Juniper provides a Monitoring Agent plugin that dramtically simplifies the data collection process. This is generally preferred to legacy data collection techniques (e.g., SNMP) as it is much more scalable and has a variety of flexible output formats.
Platform Fundamentals
Each SSR is running on a computer, and that computer may be either physical or virtual. It is important to monitor various attributes of the underlying platform to ensure a healthy, stable platform. This includes:
- CPU utilization. An SSR running as a head end will "pin" a number of CPU cores for its packet forwarding engine. The number of cores is established at the time the software is installed, using a platform assessment algorithm, but may be modified by a user using the
forwarding-core-count
configuration option within the SSR data model. - Memory. The SSR should have a fairly predictable pattern of memory utilization. There may be periodic peaks of activity as various system processes run; e.g., database downsampling, resynchronizing with a peer, applying configuration, etc.

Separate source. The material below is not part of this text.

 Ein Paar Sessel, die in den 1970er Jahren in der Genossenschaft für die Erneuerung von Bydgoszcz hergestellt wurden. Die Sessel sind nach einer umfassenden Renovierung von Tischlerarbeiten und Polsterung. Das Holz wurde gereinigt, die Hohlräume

- Disk. All SSR log files will rotate through a fixed number of iterations (twenty five, including the active log). Thus the disk utilization should stay relatively constant.

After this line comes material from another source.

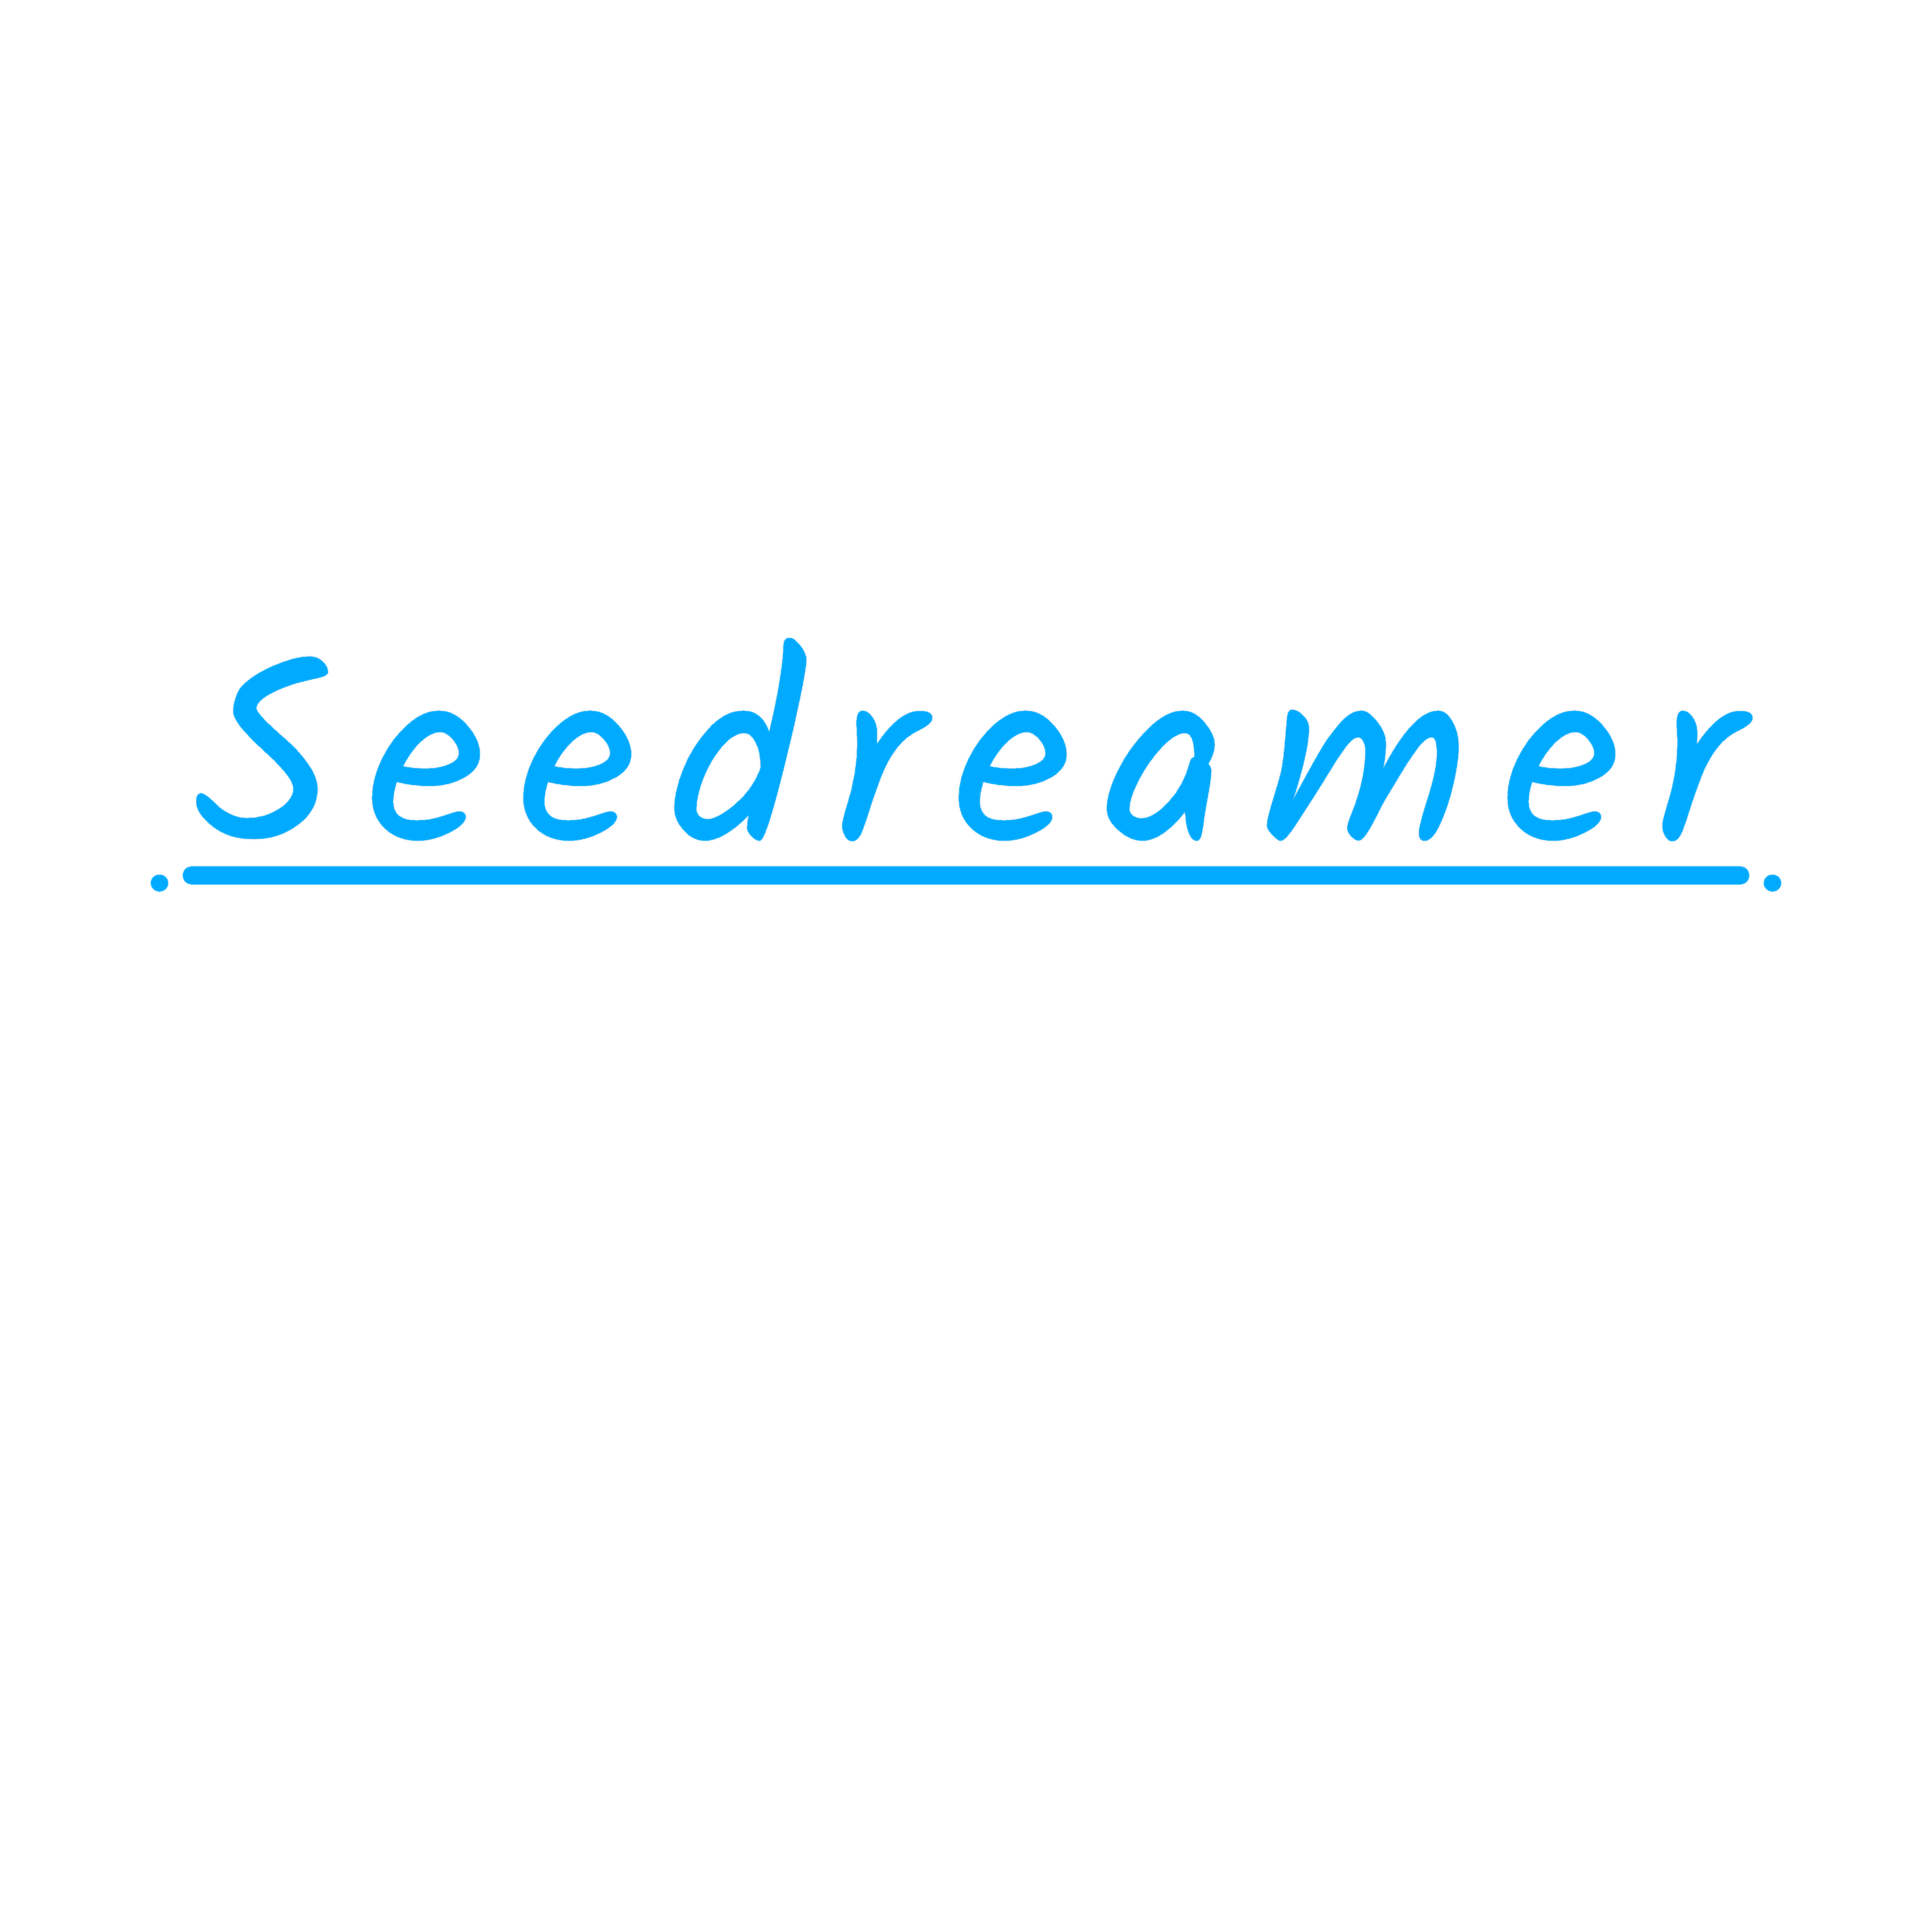 Seedreamer

- System sensors. This includes things such as the platform temperature, fan speeds, etc. (physical machines only). All computers have onboard temperature sensors, report fan RPM, among other metrics. These should be monitored to ensure proper operating conditions per the manufacturer's guidelines.

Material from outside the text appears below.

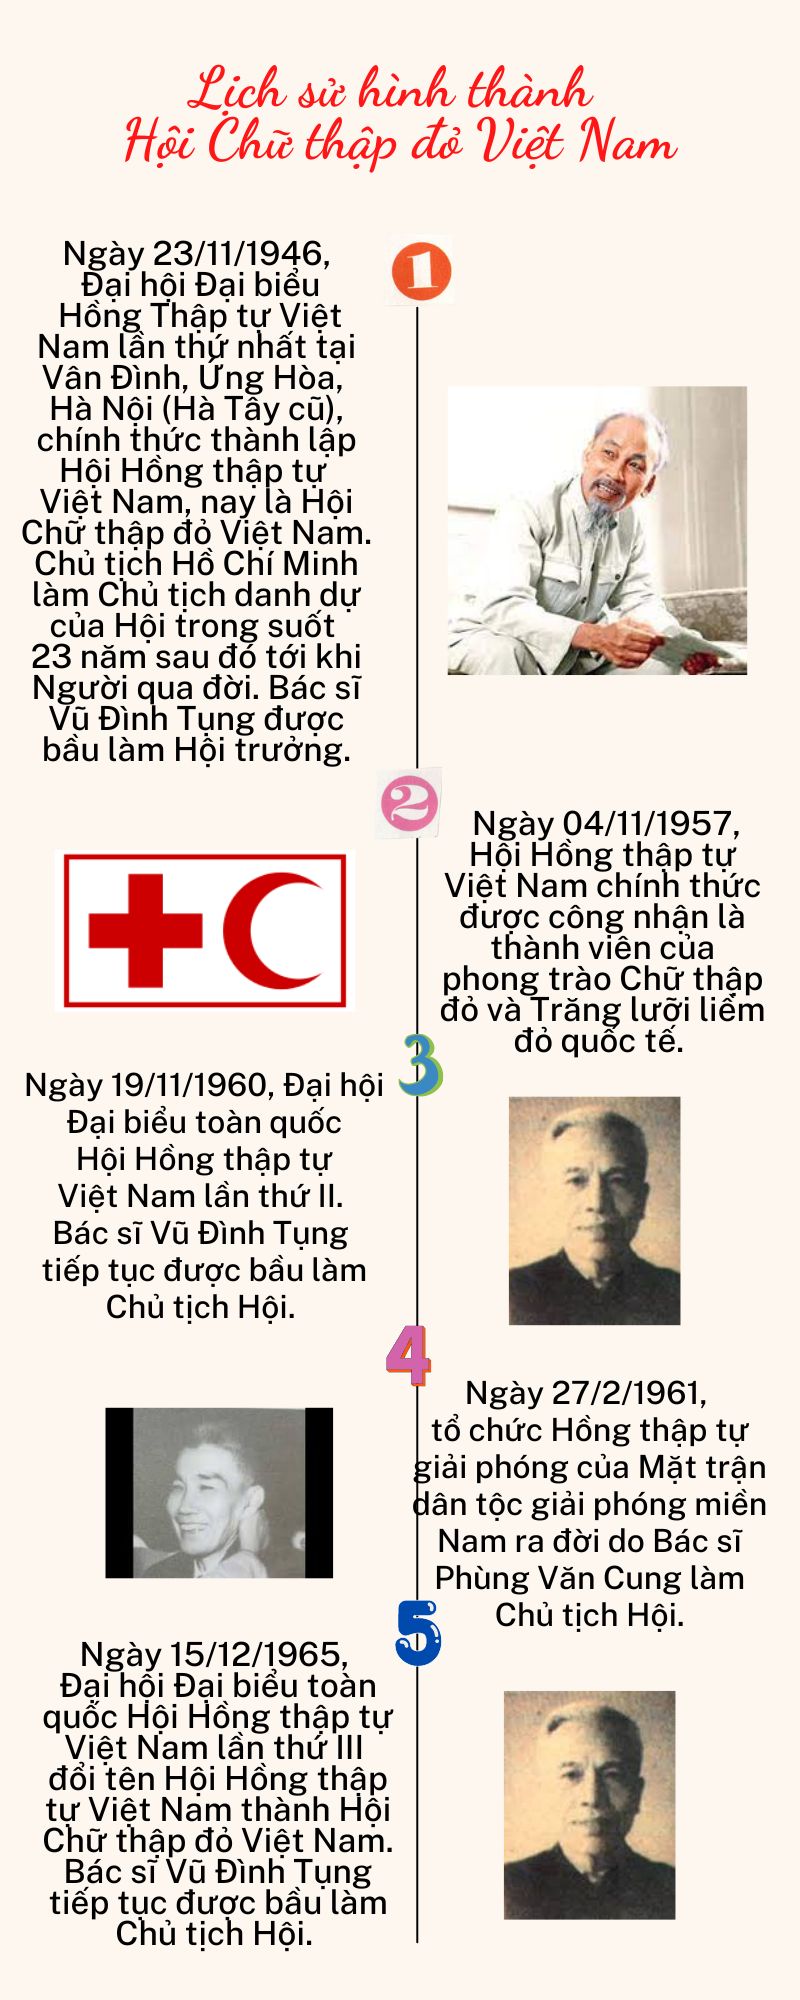 Hội Chữ thập đỏ Việt Nam luôn nỗ lực bảo vệ biểu tượng Chữ thập đỏ

- Link state. One of the fundamentals for monitoring any network device, knowing when links are up or down is a critical piece of information.
SSR Software Fundamentals
Generally, each head end router connects to dozens or hundreds of branch routers, and frequently over multiple transport circuits. The primary focus for monitoring a head end router is to ensure that is fit for aggregating and forwarding traffic to and from the branch routers. The important metrics to consider are:
- RIB size. The SSR's Routing Information Base (RIB) is the accumulation of all routes that the device uses for making traffic forwarding decisions. These are acquired through configuration or through routing protocols. In general, a head end router's RIB should have a predictable number of routes. Variability in the number of RIB entries is due to routing changes, configuration changes, or peer availability.
- Session count. As a head end router processes traffic, this will create sessions in the router's session table. In general, the volume of traffic a router processes should be periodic; for example, in a retail deployment the traffic patterns should ebb and flow with each retail location's hours of operation. While every network will have different periodic frequencies, virtually all networks will process traffic in a fairly predictable pattern. Large spikes in sessions can be due to misbehaving or misconfigured devices, upstream servers that are not responsive to client requests, security scanning software, or denial of services attack.
- Session arrival/session departure rates. As with session counts, session arrival and departure rates are typically predictably periodic for most deployments. When there is a sharp increase in the rate of session arrivals, it generally means a network scan or denial of service attack is underway. When there is a sharp increase in the rate of session departures, it may mean there is a problem with a particular application or network path.
- Interface bandwidth. Another fundamental property of any network appliance, understanding the bandwidth utilization on all interfaces will help identify potential sources of congestion.
- Peer path flaps. A "peer path" is a BFD-validated path used for Secure Vector Routes between SSR peers. Head end systems are aggregation points for many peer paths from branch locations; any network disruption at or near the head end will cause large numbers of peer path flaps. The number of peer path flaps in a steady state network should ideally be as close to zero as possible.